La figure de la déportation de retour

Pour permettre l’institution de cette « nouvelle bande de Gaza », il faudrait commencer par « faire le ménage », comme dit D. Trump. Pour permettre cette états-unisation de Gaza, il faudrait commencer par en chasser la population vers des pays arabes susceptibles de les accueillir, comme l’Égypte ou la Jordanie. D’abord, c’est une façon de mettre ces pays au service de son projet, aussi irréalisable qu’il soit. Ces pays seraient ainsi au service des États-Unis et d’Israël et consentiraient à leur domination de la région. Ensuite, ce serait faire revenir la figure de la déportation. Le déplacement des populations dans des pays qui ne sont pas les leurs seraient une déportation de plus, comme celle qui a eu lieu pendant la deuxième guerre mondiale. Les déportés ne seraient pas les mêmes mais ils n’en seraient pas moins déportés, privés de leur terre, dominés par d’autres, et, de plus, en étant ainsi déportés, ils ne se verraient, une fois de plus, pas reconnaître leur existence, ils ne se verraient une fois de plus pas reconnaître le droit à une terre, alors qu’ils l’habitent et la cultivent depuis des siècles.
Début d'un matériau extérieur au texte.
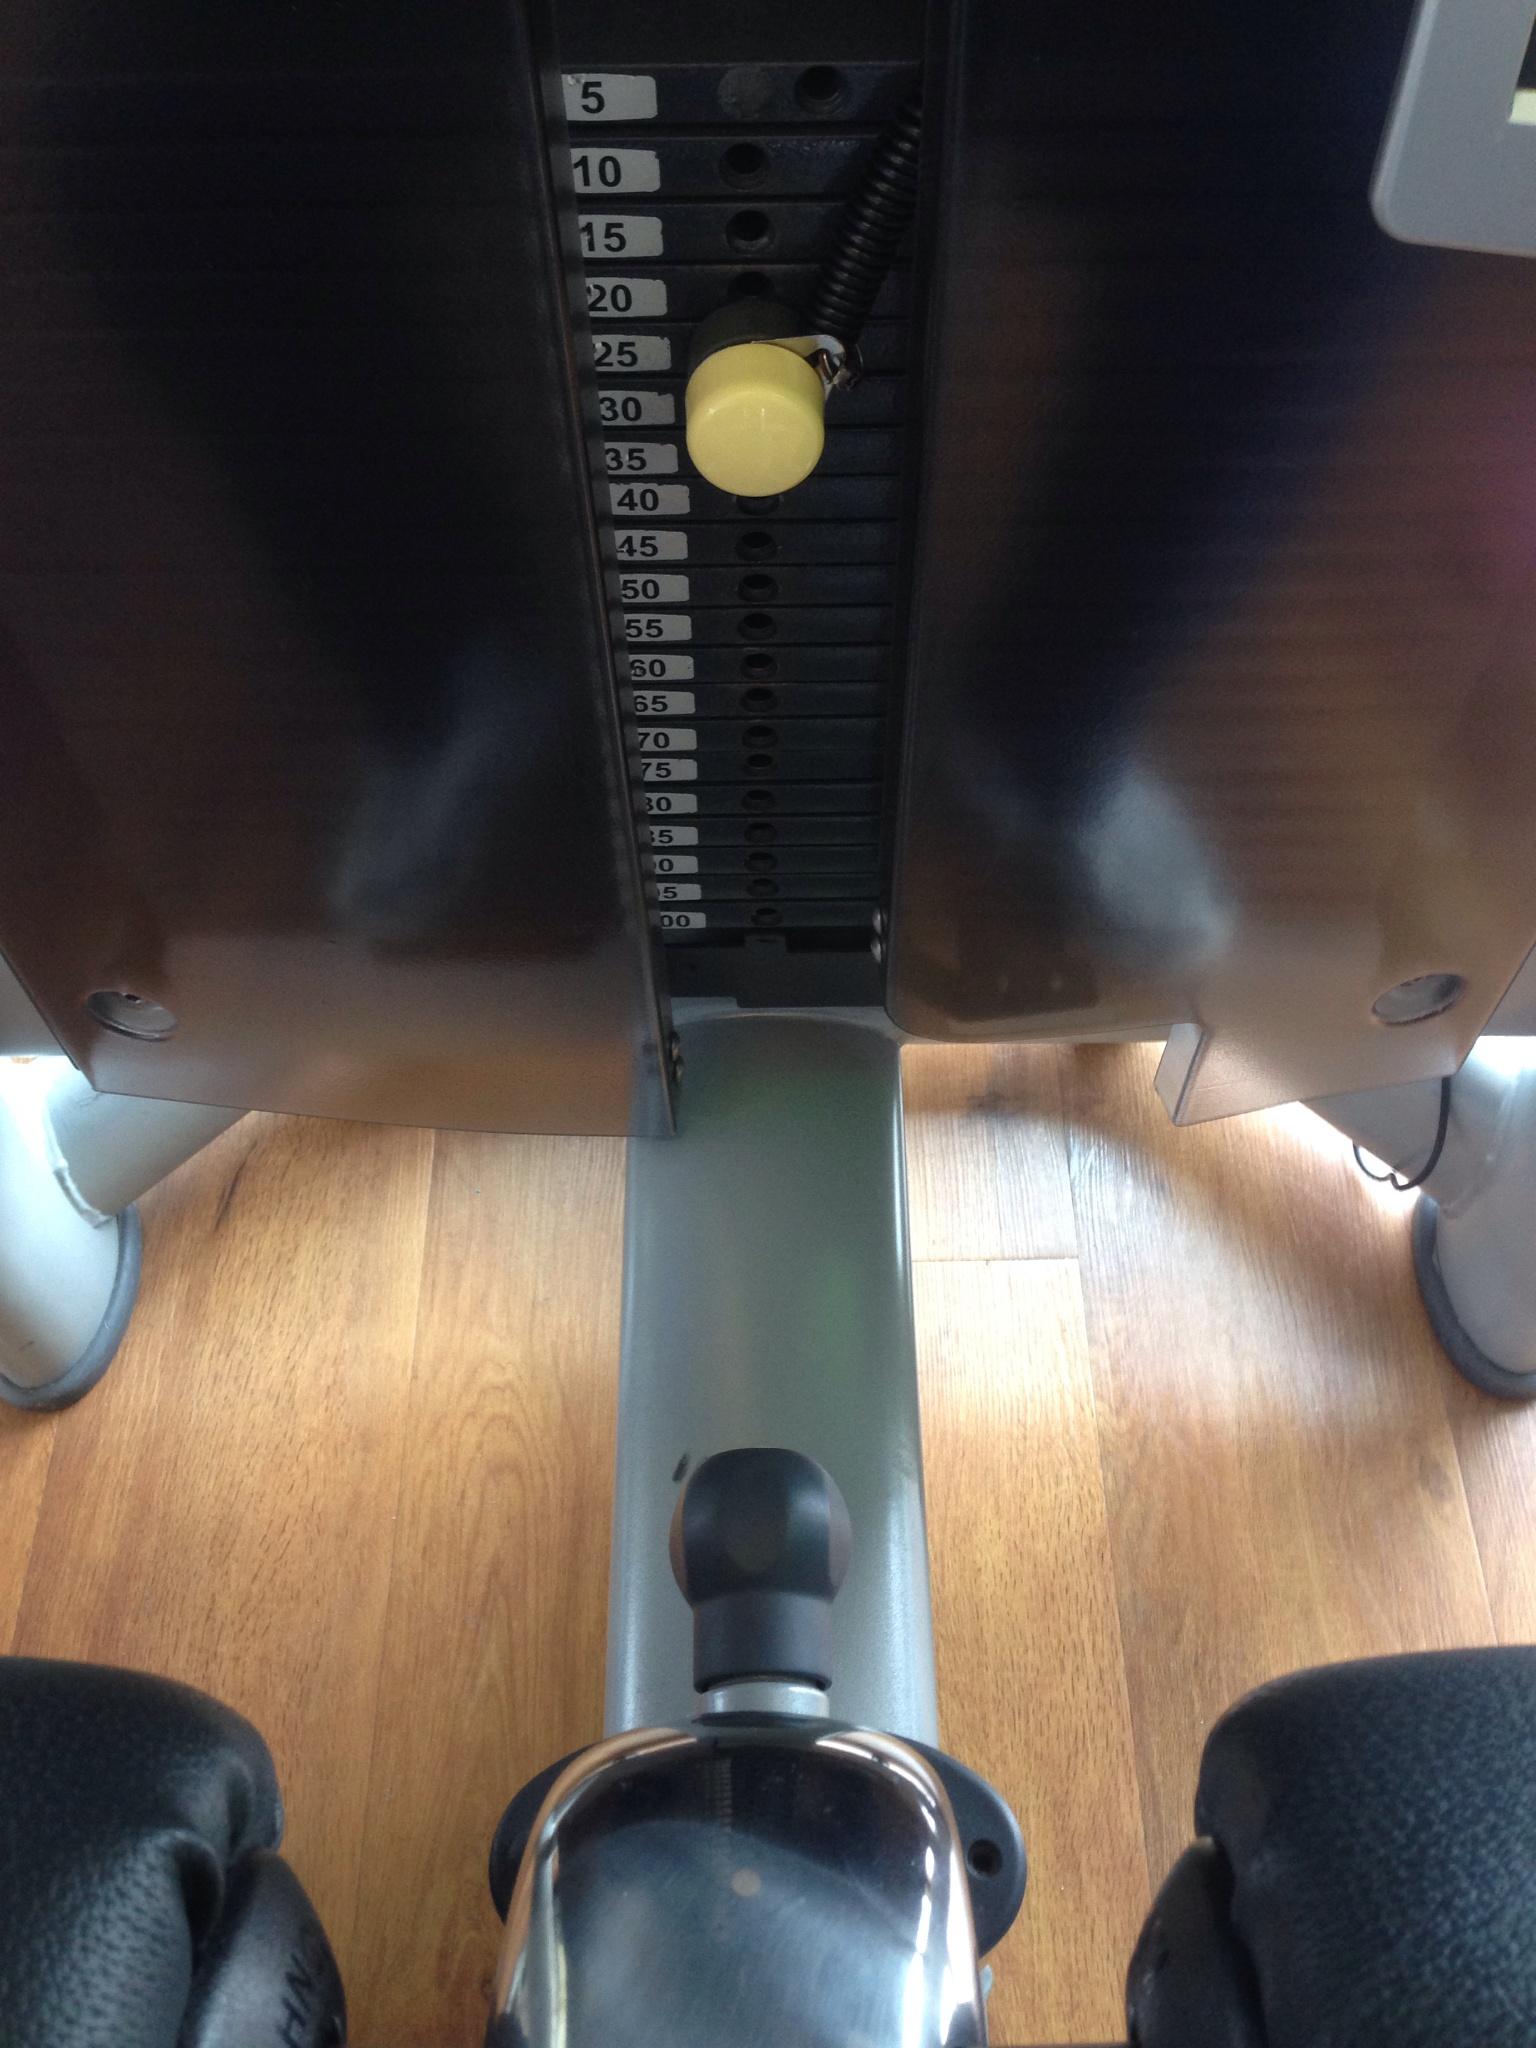 Gym when sick is great  by Robert Hopman

Les partition de la Palestine en deux états est-elle une solution viable ?

La solution des « deux états » fait partie des idées partagées par le monde pour faire retrouver un peu d’égalité aux Palestiniens, mais s’agit-il réellement d’une solution au conflit ? Elle est régulièrement agitée, car elle donne l’illusion de la reconnaissance d’une véritable égalité aux Palestiniens. Mais il y a deux pièges dans cet idée, qu’il faudrait tout de même regarder en face. Le premier, c’est qu’en divisant ainsi ce qui reste de la Palestine en deux états, comme il ne s’agirait pas de mettre fin à l’état d’Israël, il s’agirait d’une extension de plus d’Israël au détriment des Palestiniens et les négociations sur la naissance de ces deux états se joueraient sur un rapport de forces qui, dès le départ, leur serait défavorable. Par ailleurs, ces deux états ne seraient que deux ghettos de plus. Les habitants de l’un de ces états et ceux de l’autre ne pourraient sans doute pas circuler librement dans les deux pays et se verraient cantonnés à l’un d’eux. Compte tenu de l’évolution de la région depuis le début, l’inégalité entre les deux états serait manifeste et serait de nature à provoquer de nouvelles violences. En réalité, le ghetto a été institué dès 1948, par la naissance de l’état israélien au détriment des Palestiniens qui vivaient là. En installant des modes de vie et des cultures largement issus des pays occidentaux dans lesquels ils vivaient alors, les premiers israéliens ont institué une inégalité de fait dont bénéficient de nos jours l’ensemble des habitants venus d’autres pays pour établir de nouvelles colonies. Le Hamas  et sa violence ne sont que des réponses palestiniennes au sionisme. La seule issue politique au conflit est l’institution d’un état fondé sur une nation palestinienne reposant sur plusieurs cultures associées dans un projet politique commun réunissant les habitants de la région et allant au-delà des choix religieux dans un état laïc. Cela ne serait possible que si cet état était garanti par les puissances du monde décidées, elles aussi, à s’engager dans un projet politique laïc.